Only the Premiere 2 tuner models, the earlier Series 3 dual tuner models, an the 4 tuner Roamio can use OTA.

Premiere 4/XL4 is for cable only and Roamio Plus/Pro can only use digital cable.


----------



## janineanne (Dec 22, 2014)

Yes, I know. What I'm looking for is an external box that would convert the signal from the antenna to something that would look like digital cable to the TiVo. Maybe that's not possible, or would be so expensive that I'm better off buying a new TiVo. But I wanted to check with the experts here to find out if such a thing exists.


----------



## JoeKustra (Dec 7, 2012)

janineanne said:


> Yes, I know. What I'm looking for is an external box that would convert the signal from the antenna to something that would look like digital cable to the TiVo. Maybe that's not possible, or would be so expensive that I'm better off buying a new TiVo. But I wanted to check with the experts here to find out if such a thing exists.
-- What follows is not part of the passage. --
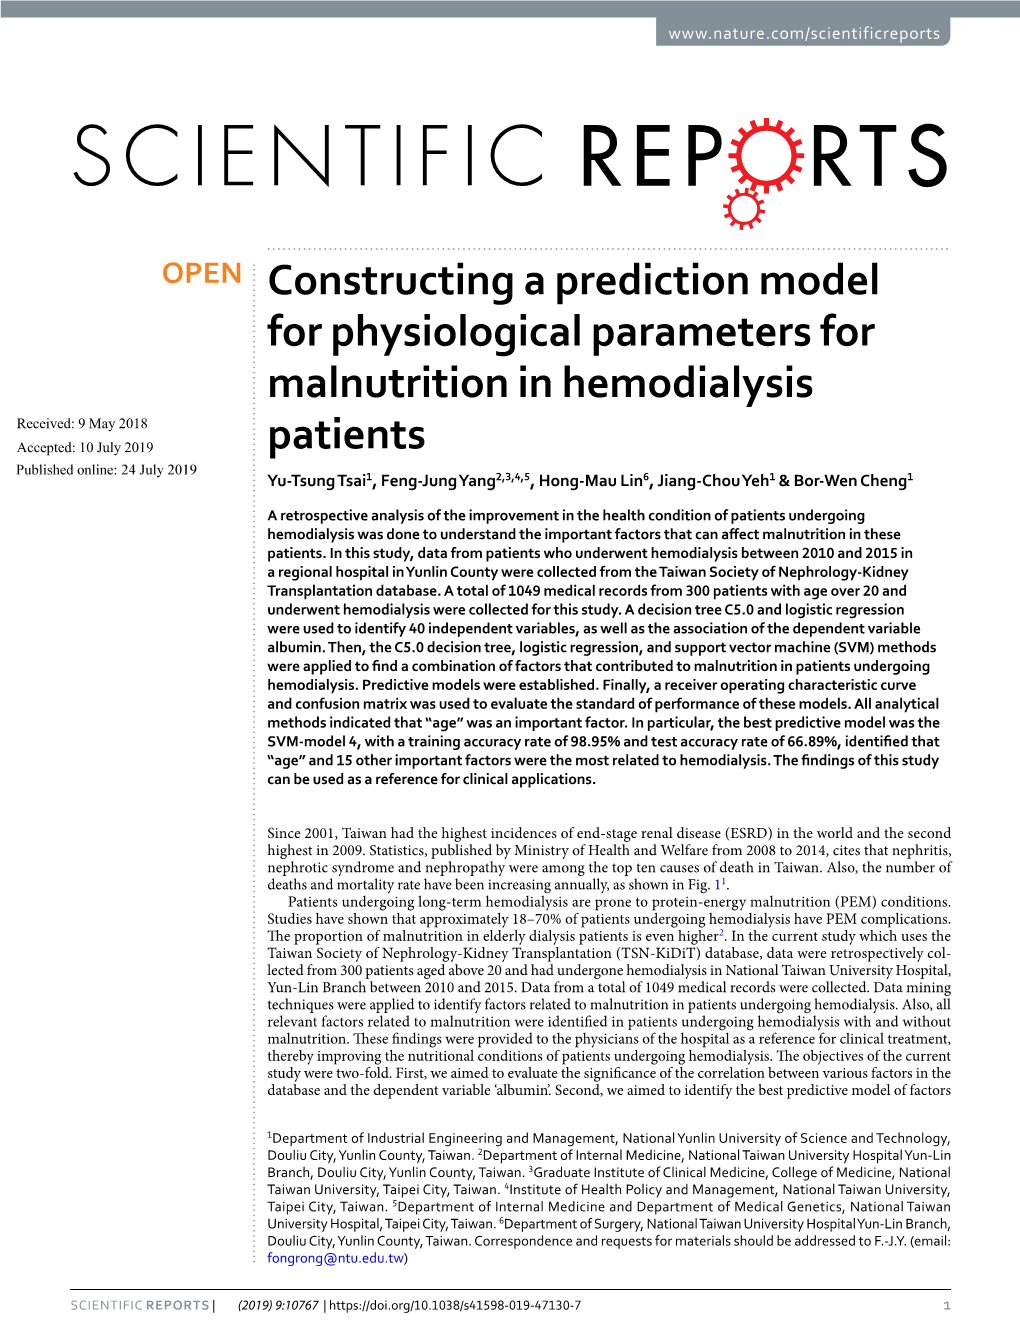 Constructing a Prediction Model for Physiological Parameters For

New TiVo. Or Google ATSC to Cable and sort through all the results, none of which will do any good.


----------



## PCurry57 (Feb 27, 2012)

janineanne said:


> I have a TiVo Premiere 4, which doesn't have a built-in ATSC tuner. We just cancelled cable and I've hooked up an HD antenna to get local channels. I've been trying to figure out if there's any sort of external box which can translated the ATSC signal to the MoCA signal the TiVo expects. Not only can I not find any product that says it can do this, I can't even find anyone else talking about it. Is this really that crazy of an idea?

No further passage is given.